В Базеле Анимаиду Васильевну ждал большой сюрприз.
В купе вошел, очевидно, заблудившийся в поезде рослый пожилой господин. Он сперва отступил было, увидев одиноко путешествующую даму, но -- по второму взгляду -- радостно воскликнул по-русски:
-- Анимаида Васильевна! Вас ли я вижу? Какими судьбами?
Господин был Реньяк {См. "Девятидесятники".}. Его белые щеки, его белые глаза, его хриповатый и слегка в нос дворянский баритон, его грузное, барски мешковатое, непринужденное, упитанное и благовоспитанное тело, упрятанное в дорожный тирольский костюм на манер охотничьего: икры в серых чулках, отвороты куртки зеленые, на войлочной мягкой шляпе сзади два рябеньких пера.
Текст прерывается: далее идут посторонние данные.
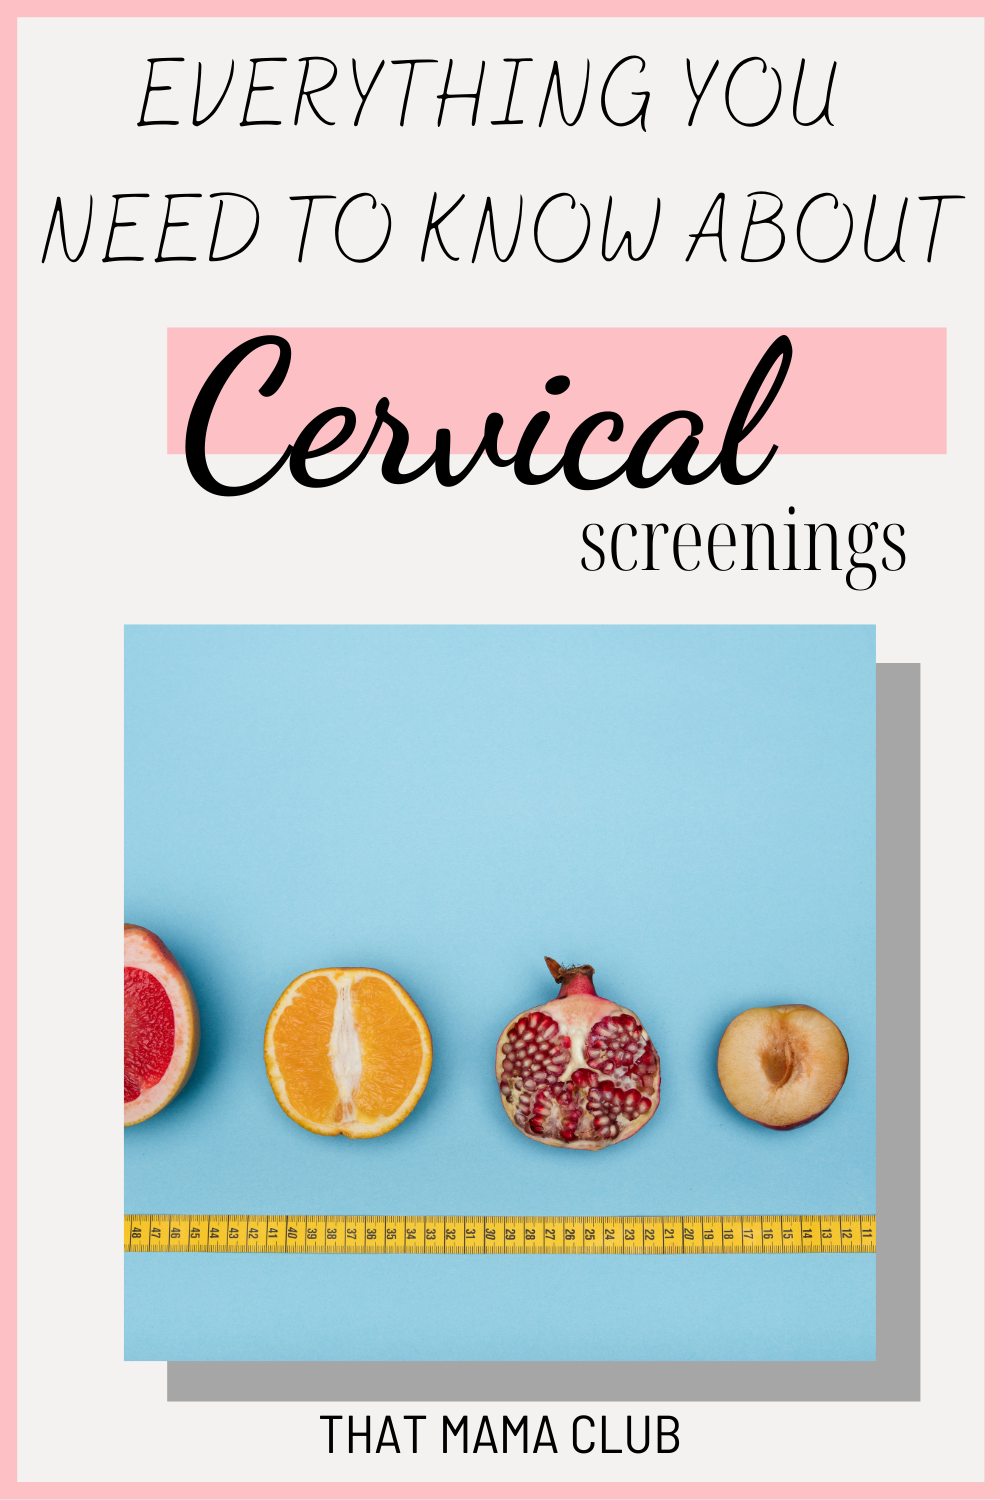 cervical screening

-- Это, скорее, мне надо вас спросить, Владимир Павлович,-- улыбнулась ему Чернь-Озерова.-- Я известная цыганка, всегда кочую, а вот вы-то -- москвич и домосед -- откуда взялись в Швейцарии?
Расплывчато-крупичатое, сытое, солидное, барское лицо Реньяка стало как-то сразу и мрачным, и довольным.
-- Да уж такие вот обстоятельства...-- пробормотал он, садясь по ее приглашению.-- Я вас не стесню?.. Мое купе, кажется, в этом же вагоне, но я, знаете, позабыл номер...
-- И, как водится, отворяете все двери, чтобы убедиться, не тут ли вы? Обычное русское приключение... Откуда и далеко ли?
Реньяк ехал во Франкфурт-на-Майне к известному профессору -- специалисту по легочным болезням с отчетом о состоянии здоровья Анны Васильевны, которая находилась в настоящее время в Давосе и очень поправилась. Так что франкфуртское светило, направившее ее в Давос, Реньяк надеется, быть может, разрешит ей перебраться на лето куда-нибудь повеселее.
-- А то мы на этой заоблачной вышке умираем от скуки...
-- Так Аня в Давосе?-- изумилась Анимаида Васильевна.-- Это превосходно... Давно пора.. Но вот не знала!.. Да, в Давосе, должно быть, тоска смертная, особенно в эту пору, когда легко больные начинают разъезжаться... Вы-то, как верный рыцарь Ани,-- пошутила она,-- ничего, перенесете... Но воображаю, как зевает Костя... шестьсот тысяч раз в минуту!
И остановилась, заметив, что Реньяк смотрит на нее странными глазами и густо краснеет в лице.
-- Вы, Анимаида Васильевна,-- произнес он принужденным голосом,-- очевидно, немного известий имели из России... Разве Алевтина Андреевна не писала вам?
-- Я получила только телеграммы и письмо об аресте Дины, по ним и спешу теперь в Россию...
-- Долгую же дорогу предстоит вам сделать,-- печально сказал Реньяк.-- Я три дня тому назад имел письмо от Алевтины Андреевны. Дину Николаевну отправили в...
Он назвал небольшой городок Вологодской губернии.
-- Могло быть хуже,-- прибавил он в утешение, смягчая печальную весть.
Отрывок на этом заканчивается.